Table of Contents
Journal of Ceramics
Volume 2014, Article ID 874034, 10 pages
http://dx.doi.org/10.1155/2014/874034
Research Article

Durability Modeling of Environmental Barrier Coating (EBC) Using Finite Element Based Progressive Failure Analysis

1NASA Glenn Research Center, Cleveland, OH 44135, USA
2AlphaSTAR Corporation, Long Beach, CA 90804, USA

Received 28 October 2013; Accepted 14 January 2014; Published 9 April 2014

Academic Editor: Guillaume Bernard-Granger

Copyright © 2014 Ali Abdul-Aziz et al. This is an open access article distributed under the Creative Commons Attribution License, which permits unrestricted use, distribution, and reproduction in any medium, provided the original work is properly cited.

Abstract

The necessity for a protecting guard for the popular ceramic matrix composites (CMCs) is getting a lot of attention from engine manufacturers and aerospace companies. The CMC has a weight advantage over standard metallic materials and more performance benefits.
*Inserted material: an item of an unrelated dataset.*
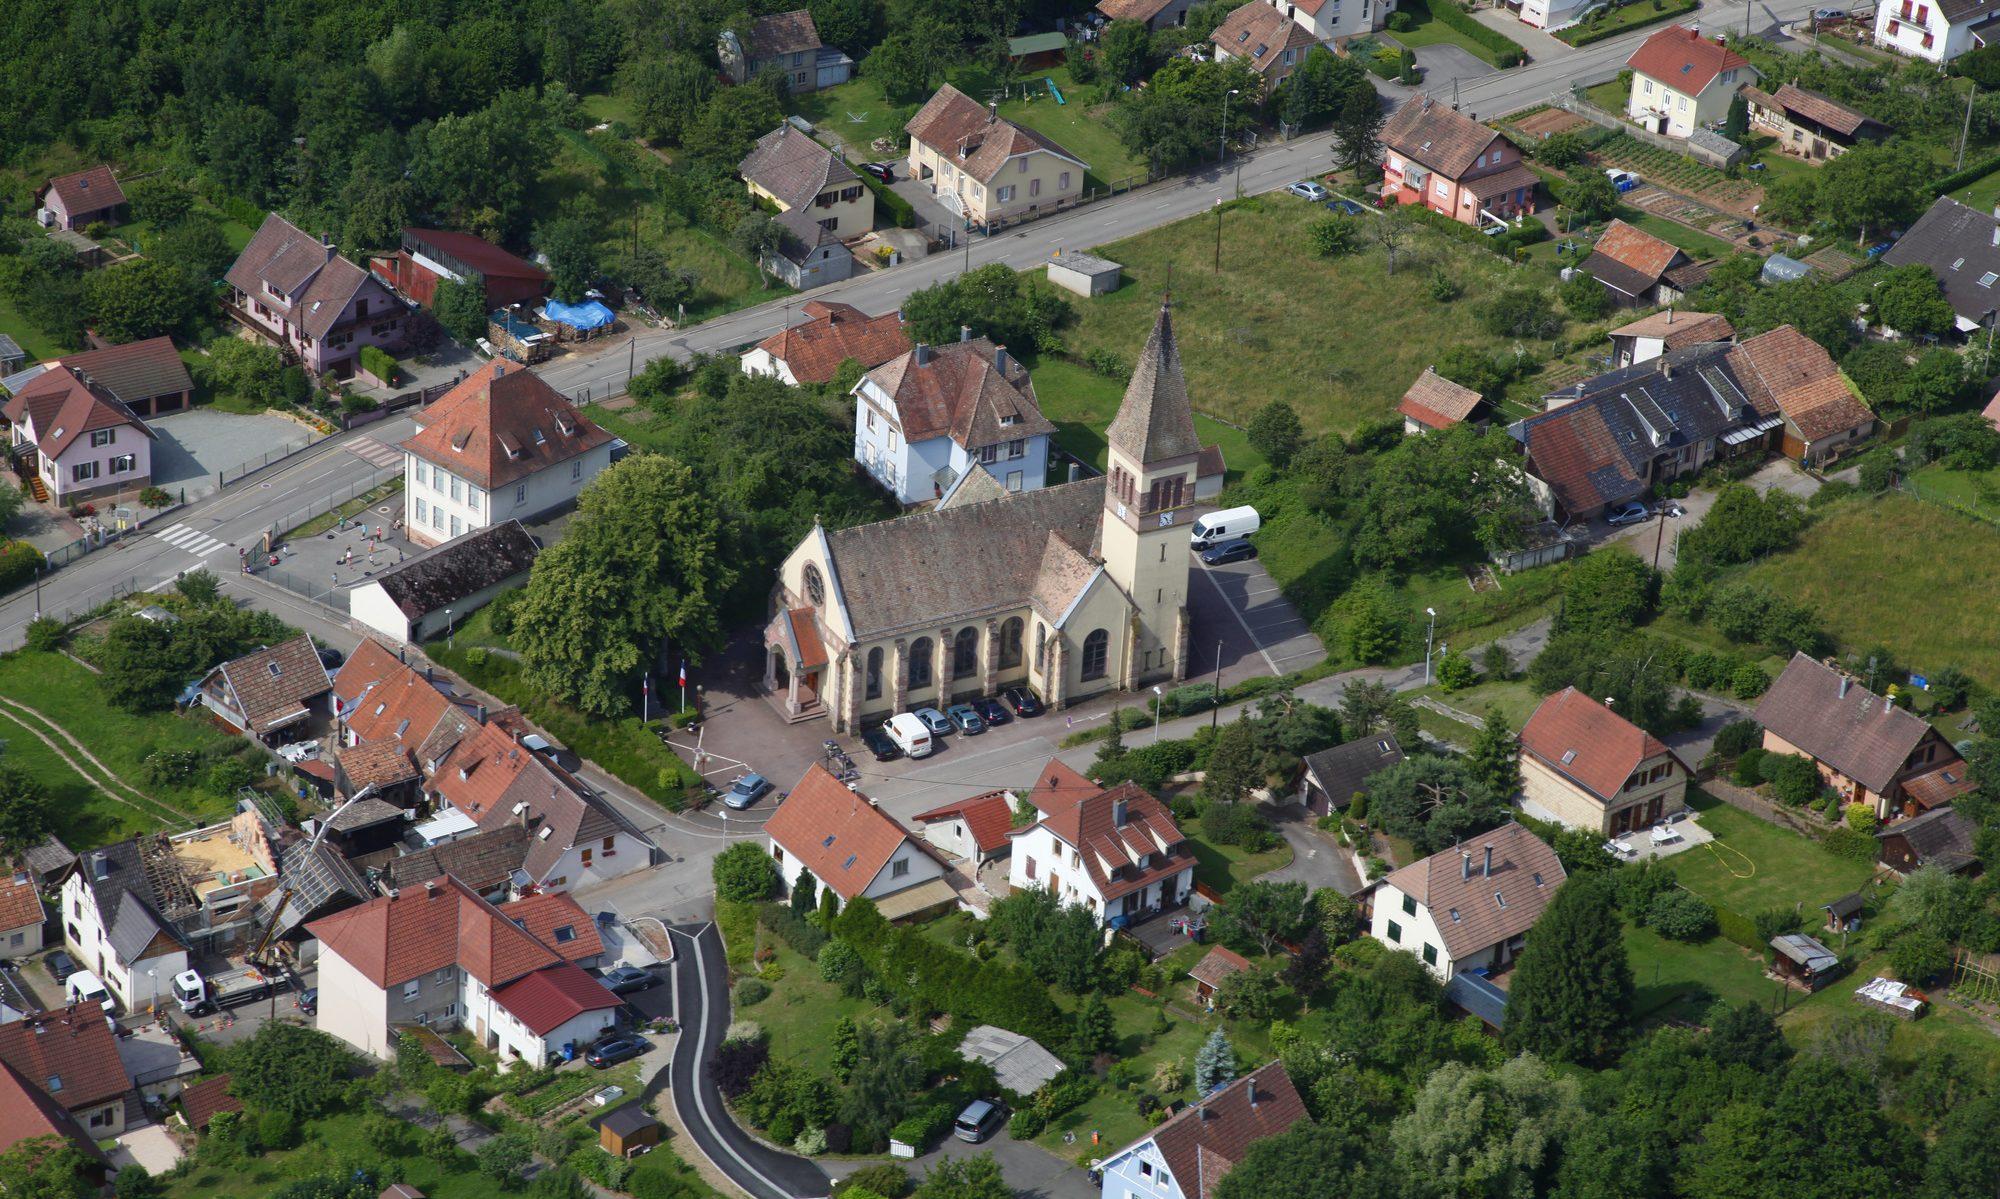 Leimbach
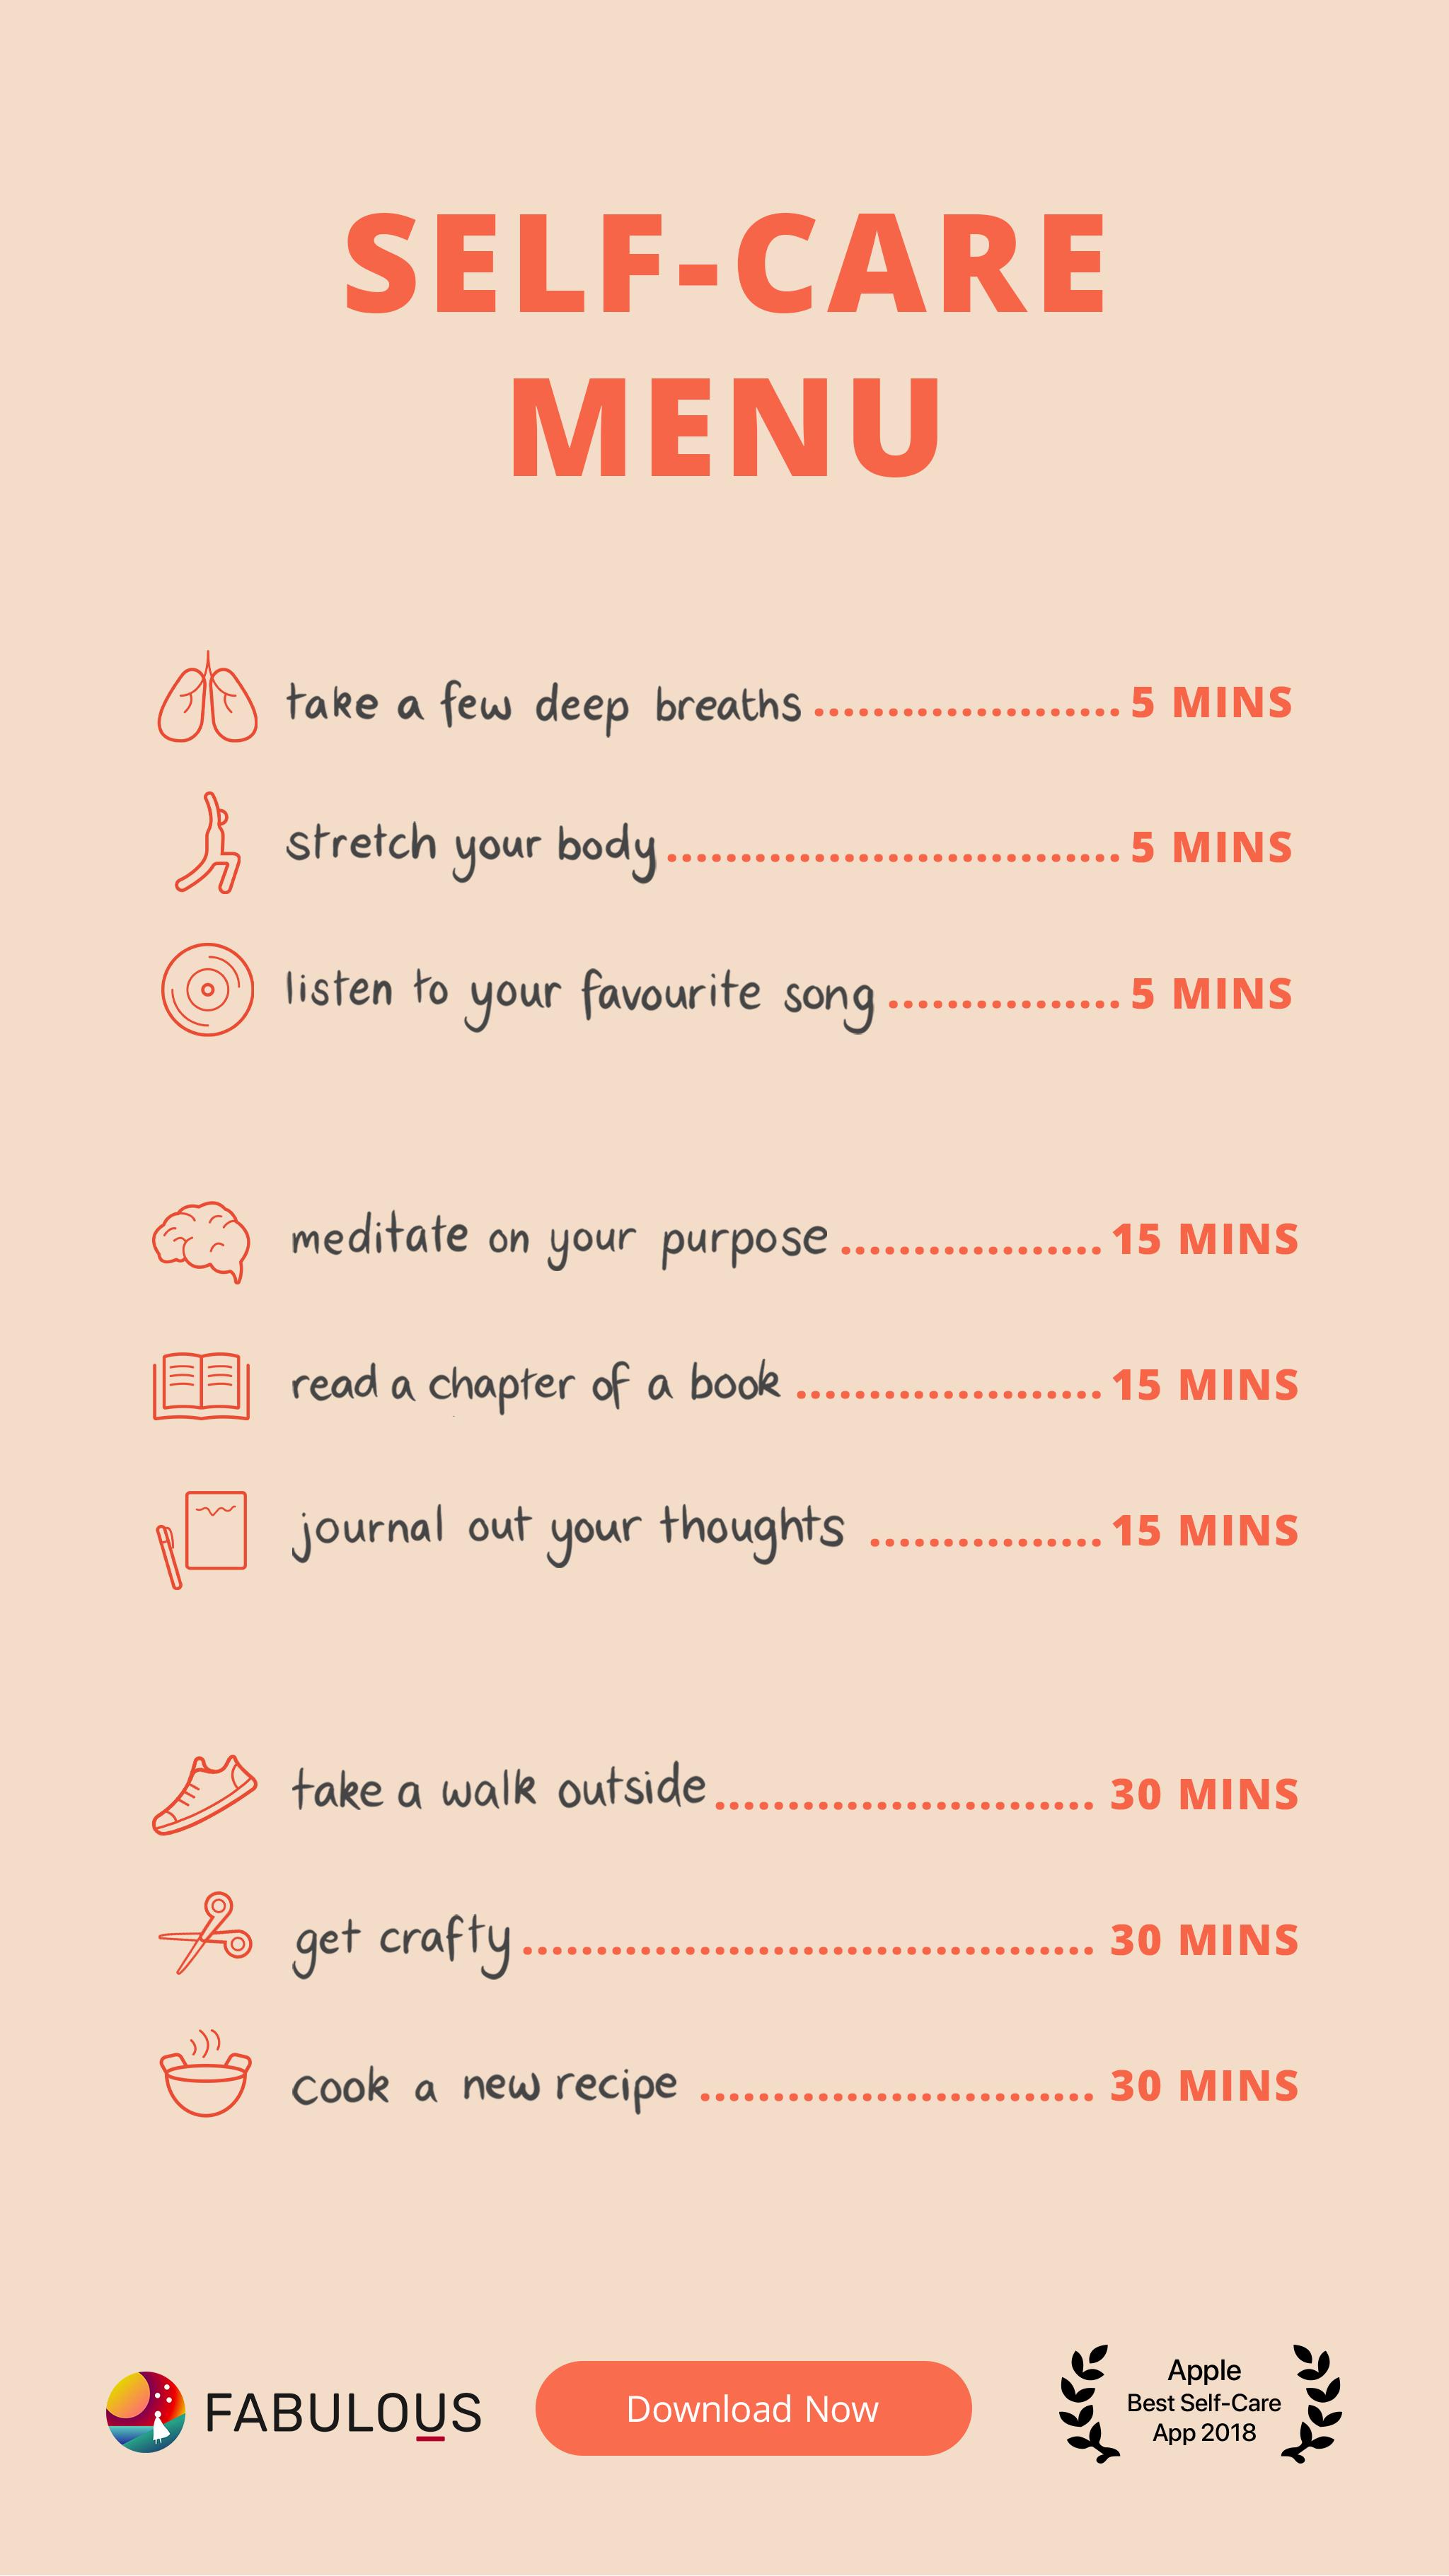 Your Daily Self Care Menu

However, these materials undergo degradation that typically includes coating interface oxidation as opposed to moisture induced matrix which is generally seen at a higher temperature. Additionally, other factors such as residual stresses, coating process related flaws, and casting conditions may influence the degradation of their mechanical properties. These durability considerations are being addressed by introducing highly specialized form of environmental barrier coating (EBC) that is being developed and explored in particular for high temperature applications greater than 1100°C. As a result, a novel computational simulation approach is presented to predict life for EBC/CMC specimen using the finite element method augmented with progressive failure analysis (PFA) that included durability, damage tracking, and material degradation model. The life assessment is carried out using both micromechanics and macromechanics properties. The macromechanics properties yielded a more conservative life for the CMC specimen as compared to that obtained from the micromechanics with fiber and matrix properties as input.